I've used the manufacturers recommended procedure to get the filter full of water and start it up, I've used a similar but somewhat different method I found on youtube specifically designed to rid any air from the filter, and I've tried my own method of filling up the main body of the filter with water then putting the top on, which is a little messy because of the displaced water, but it leaves little or no air inside. Then I hook it back up as normal, open the valve and start it up. In each case, though, over the next day or two, I end up with air back in the filter. Turning the filter this way and that and shaking it does cause it to expel some air from the output, but it doesn't noticeably affect the amount of air I can see inside the filter, and never gets rid of all of it.
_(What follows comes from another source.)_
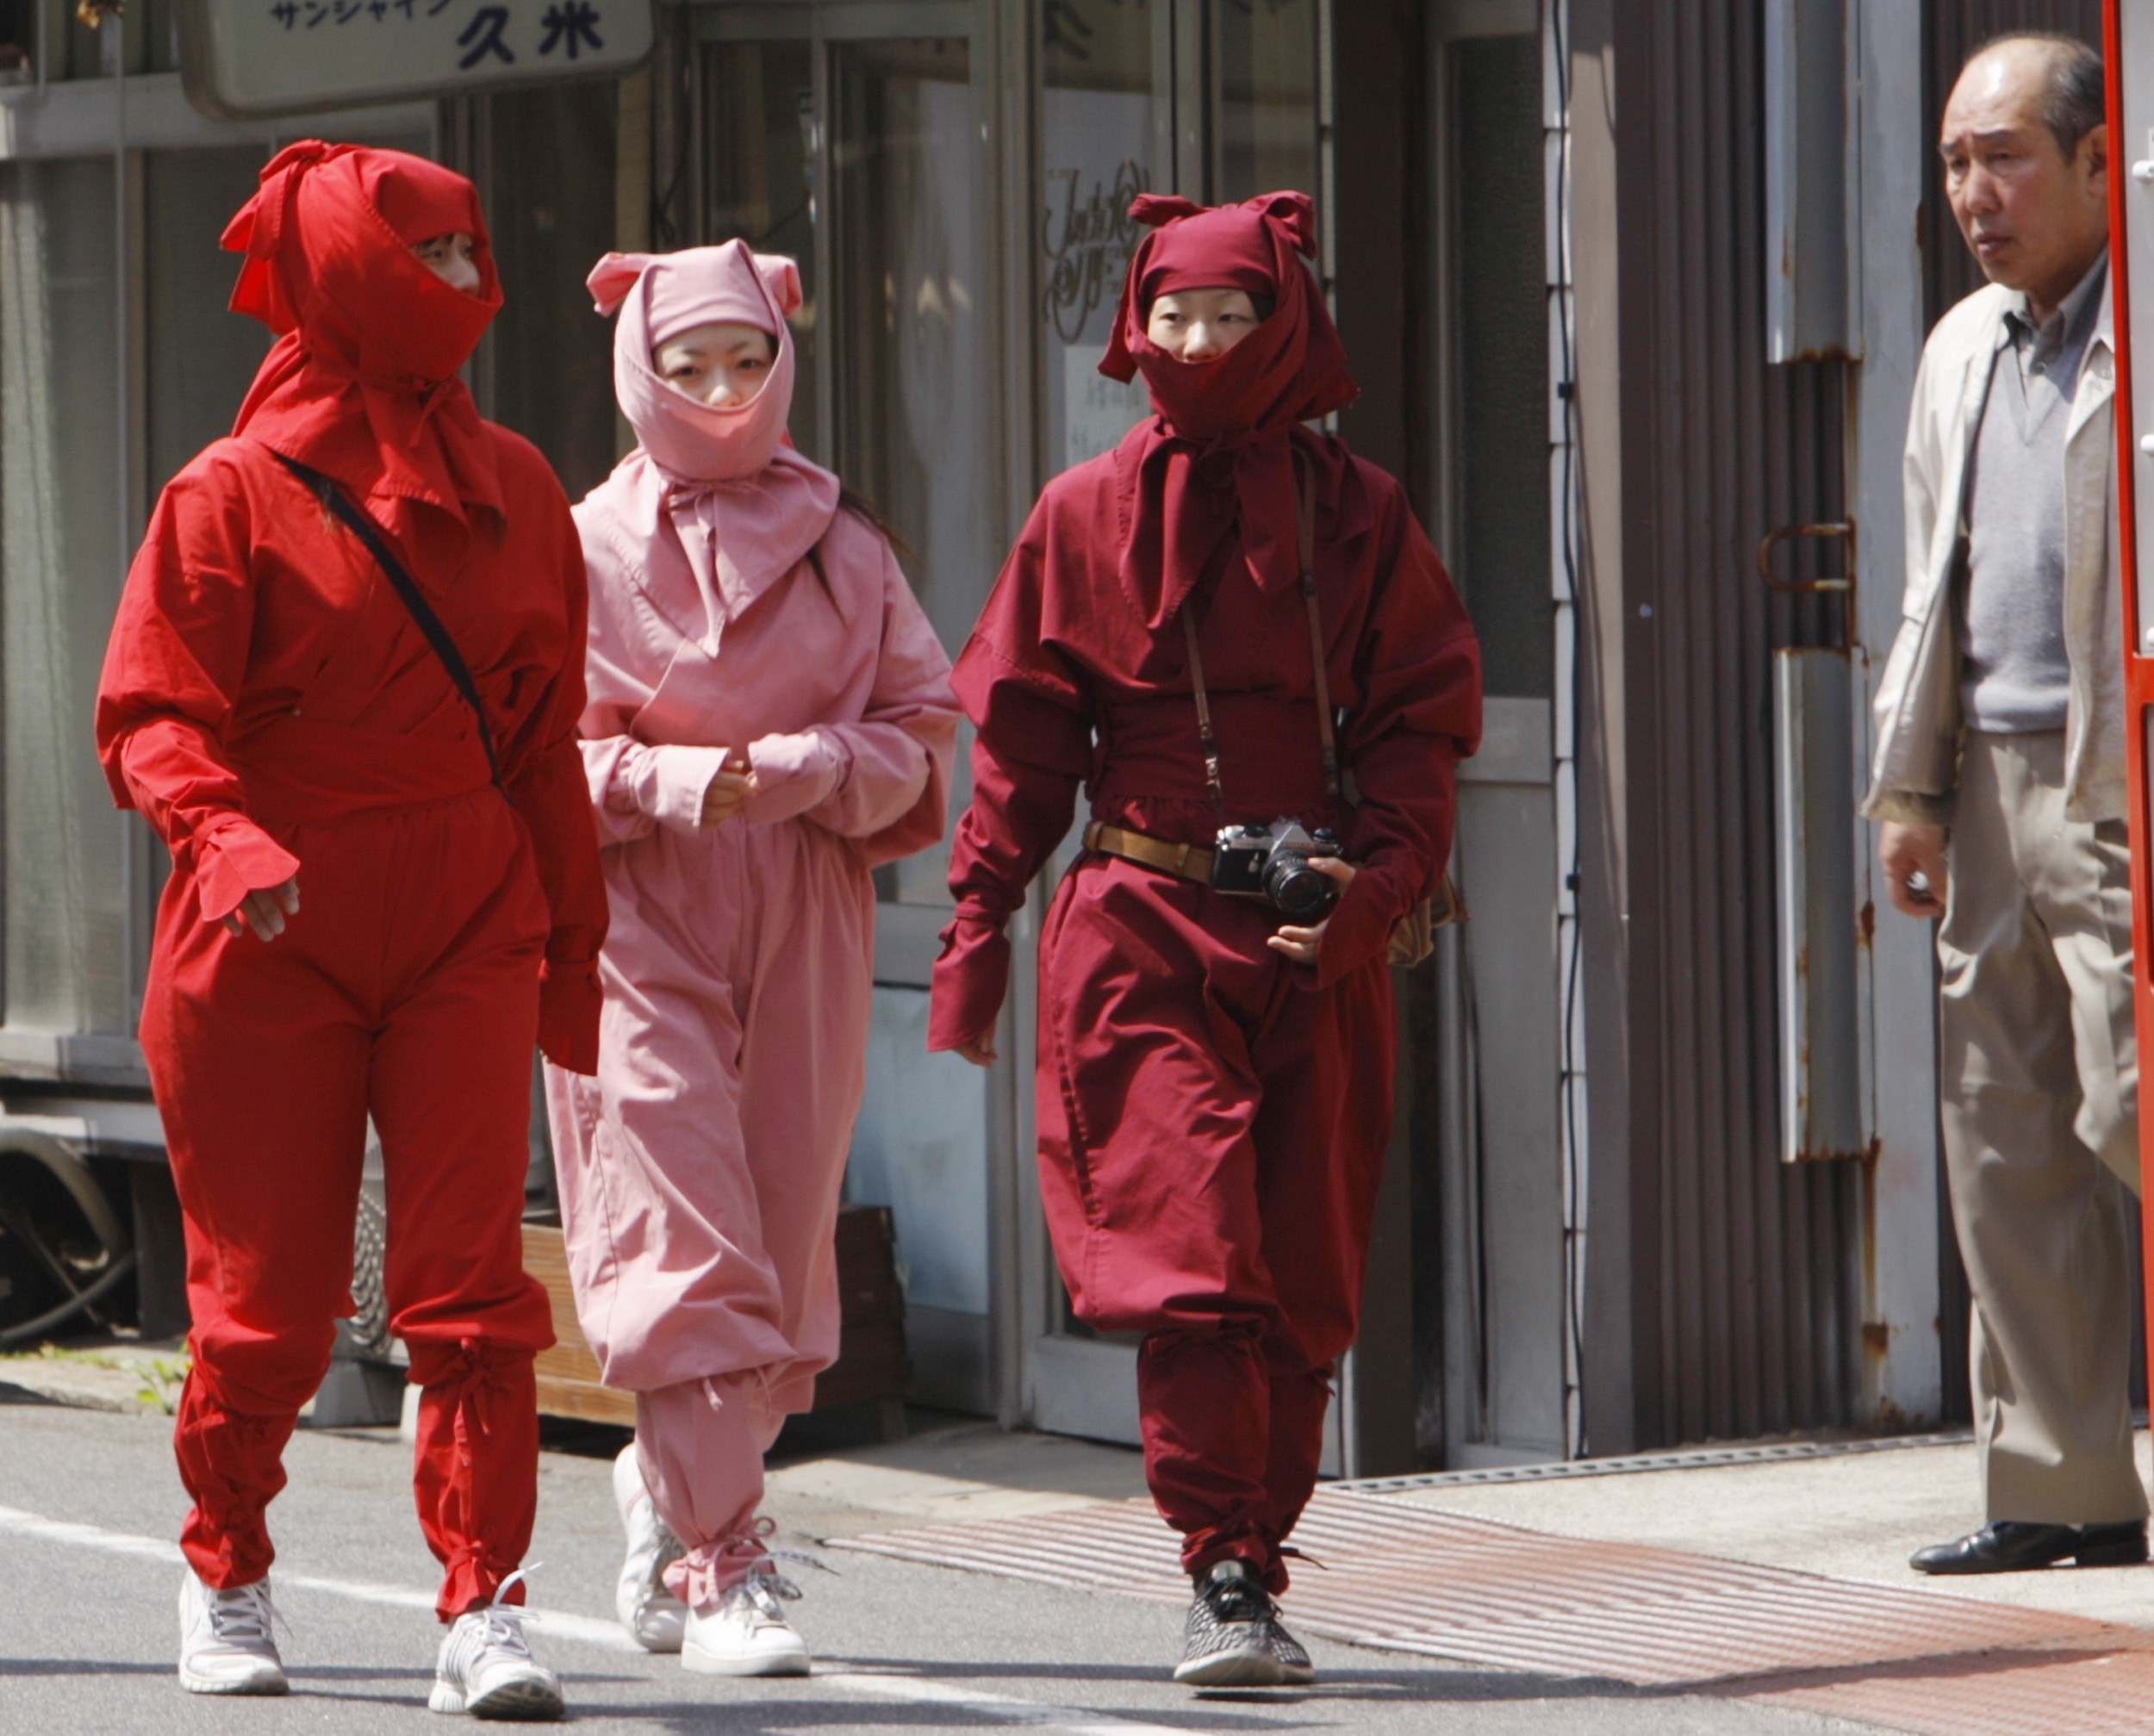 Ninja festival in Japan
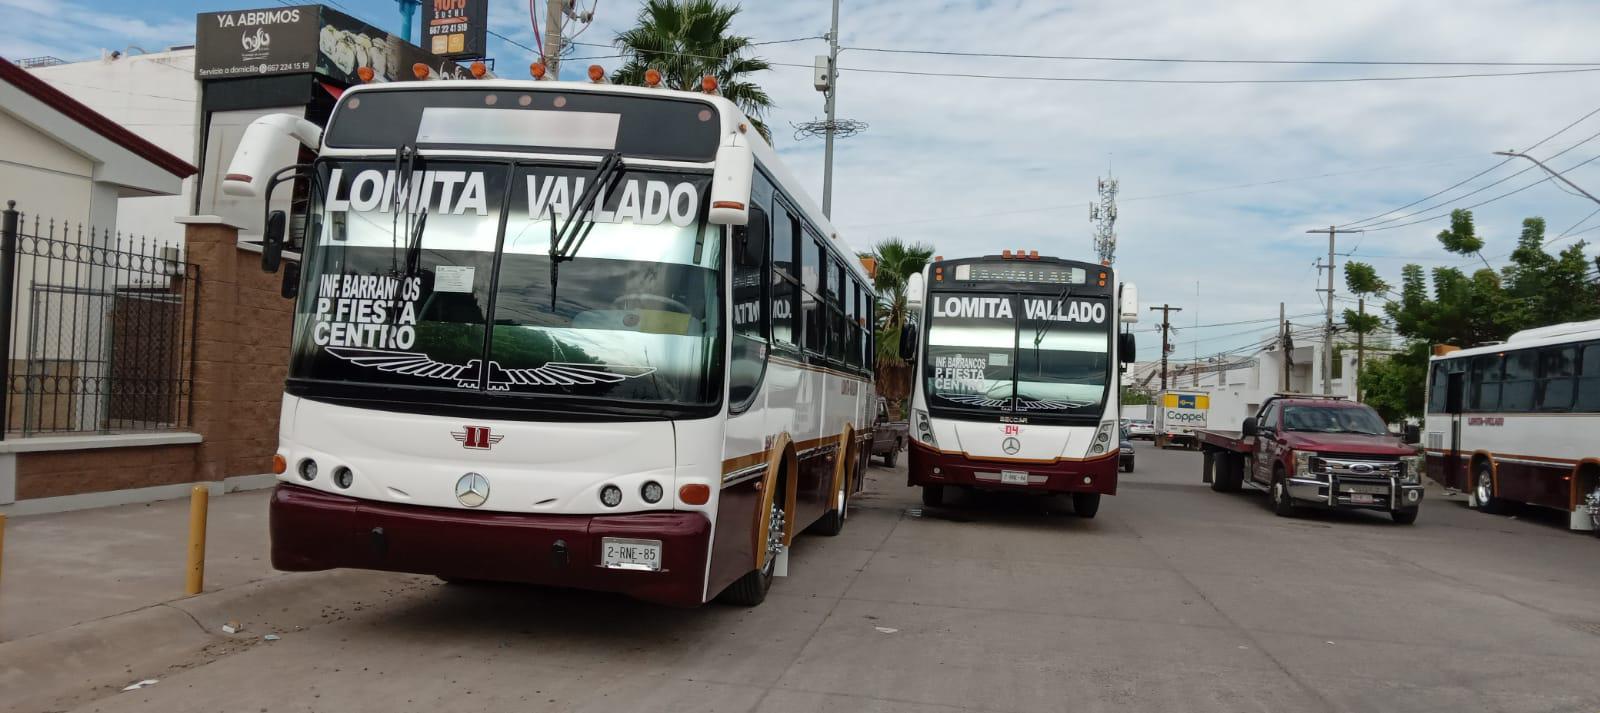 $!Reactivan ruta de transporte público Lomita-Vallado en Culiacán

The filter works fine other than this, it's really more an issue of the extra noise and the fact that the air just shouldn't be there. Anyone have any thoughts, experience, or advice?


----------



## grogan (Jan 23, 2011)

Hmmm sounds like there could be a leak on the intake side of things allowing the filter to suck air. Sometimes a small leak in the intake wont even leak water so they can be hard to find. Try turning it off and look for leaks. My eheim is doing the same thing and I still havent been able to find the culprit. It is especially frustrating in my planted aquarium because uncontrolled o2 at the wrong times will allow my precious CO2 to escape. Good luck.


----------



## emc7 (Jul 23, 2005)

My magnum 350s do this. The fix is usually a new o-ring and/or a little grease on the seal but it could also be in a valve. Check all the connections.


----------